As the primary outcome variable (smell disorder) was considered dichotomous, the analytic cohort was stratified into respondents affirming or refuting an existing smell disorder. Demographic, socio-economic variables and subjective categorical environmental and occupational-related variables were summarized using relative column proportions and corresponding standard errors. Continuous exposure variables were summarized by arithmetic mean if normally distributed, and geometric mean if notable skewedness was observed. A Logistic regression model was constructed to evaluate the effect of demographic, socio-economic, subjective and objective environmental and occupational-related exposures on the likelihood of reporting smell disorder. Odds ratios and corresponding 95% confidence intervals were reported. Confidence intervals that did not include 1 (i.e. null relationship) were considered statistically significant. Odds ratios for categorical explanatory variables were interpreted as the proportional likelihood of smell disorder between categories, relative to the reference group. Odds ratios for continuous explanatory variables (i.e. objective environmental and occupational-related exposures measured from laboratory blood and urine samples) were interpreted as the proportional likelihood of smell disorder for a single-unit increase in exposure values. Non-normally distributed continuous exposure variables were transformed logarithmically to construct the logistic regression model, if the assumption of normal distribution was violated. Given the NHANES sampling design, all statistics reported accounted for sampling units, strata and sampling weights. Statistical analysis was performed using STATA/IC 14.0 (StataCorp LP, Texas, USA, 2015).

From the 2013–2014 dataset, respondents were identified based on responses to an 8-item odor identification test (Pocket Smell Test™, Sensonics, Inc., Haddon Heights, NJ). Respondents were categorized into 3 groups based on correct responses: anosmia (0–3), hyposmia (4–5) and normosmia (6–8). Relationships between anosmic, hyposmic and normosmic participants were established with the following demographic and socio-economic variables: gender (male, female), age (years), race (non-Hispanic white, Mexican American, Other Hispanic, Non-Hispanic Black, Non-Hispanic Asian, other race – including multi-racial) and education (less than or greater than high school graduate). Exposure variables consisted of objective laboratory examinations of chemical and metabolite levels obtained from blood and urine values. Exposures again included elemental metals, phenols and parabens, environmental pesticides, VOCs and their metabolites, phthalates and plasticizers, and polyaromatic hydrocarbons.

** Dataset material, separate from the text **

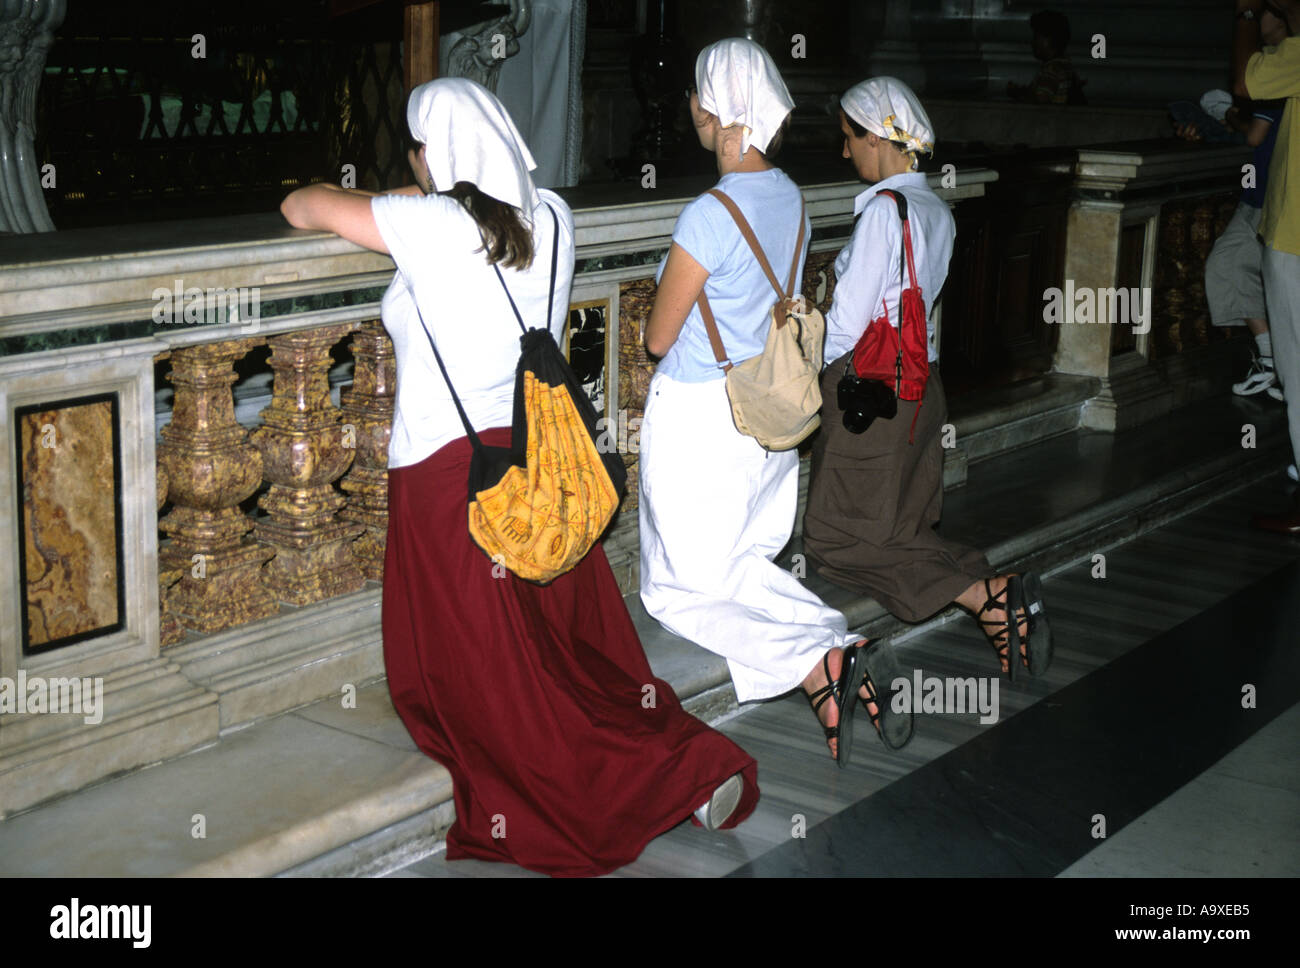 Trois femmes s'agenouiller en prière dans la Basilique St Pierre Rome Italie Banque D'Images

Statistical analysis was performed using STATA/IC 14.0 (StataCorp LP, Texas, USA, 2015). Given the NHANES complex sampling design, all statistics reported accounted for sampling units, strata and sampling weights. Relationships between anosmia, hyposmia and normosmia were assessed using the chi-square test. Logistic regression models were constructed to evaluate the likelihood of 1) anosmia versus normosmia and 2) hyposmia versus normosmia, given the explanatory variables described above. Normosmic respondents were considered as the reference outcome. Odds ratios and corresponding 95% confidence intervals were reported. Confidence intervals that did not include 1 (i.e. null relationship) were considered statistically significant. Odds ratios for categorical explanatory variables were interpreted as the proportional likelihood of smell disorder between categories, relative to the reference group. Odds ratios for continuous explanatory variables (i.e. chemical and metabolite levels measured from laboratory blood and urine samples) were interpreted as the proportional likelihood of smell disorder for a single-unit increase in exposure values.

Results

The 2011–2012 NHANES respondent cohort included 9756 respondents, 3594 of which were administered the Taste and Smell Questionnaire and were included in the ensuing analysis. The 2013–2014 NHANES cohort include 10,175 participants, 3708 of which were administered an odor detection test and included in the subsequent data.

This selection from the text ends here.